Exercise data:
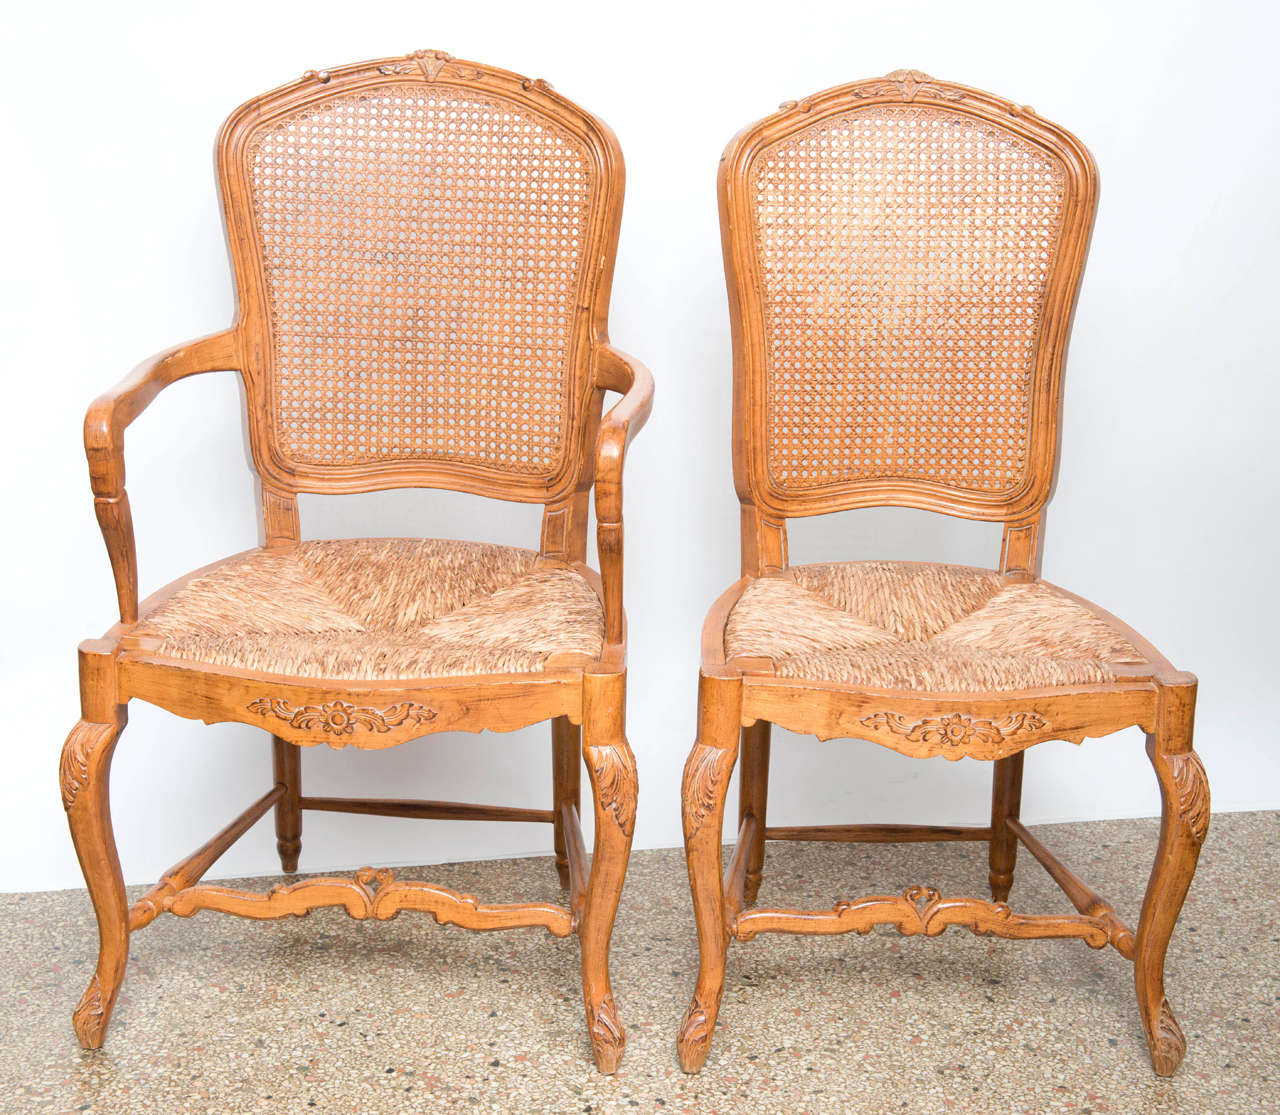 The set consists of 2 arm & 4 side chairs.  Beautifully executed with fine carving of the backs, legs & stretcher.  Rush seats & canned backs, original restored finish

Sides:  21w x 21d x 39.5h

Arms:  22.5w x 23d x 39.5

Originally $ 2,500.00

Task statement:
Send back exactly the lines of the listing above, beginning at the line containing "21d x 39.5h" and ending with the last. Add nothing.

Answer for this exercise:
Sides:  21w x 21d x 39.5h

Arms:  22.5w x 23d x 39.5

Originally $ 2,500.00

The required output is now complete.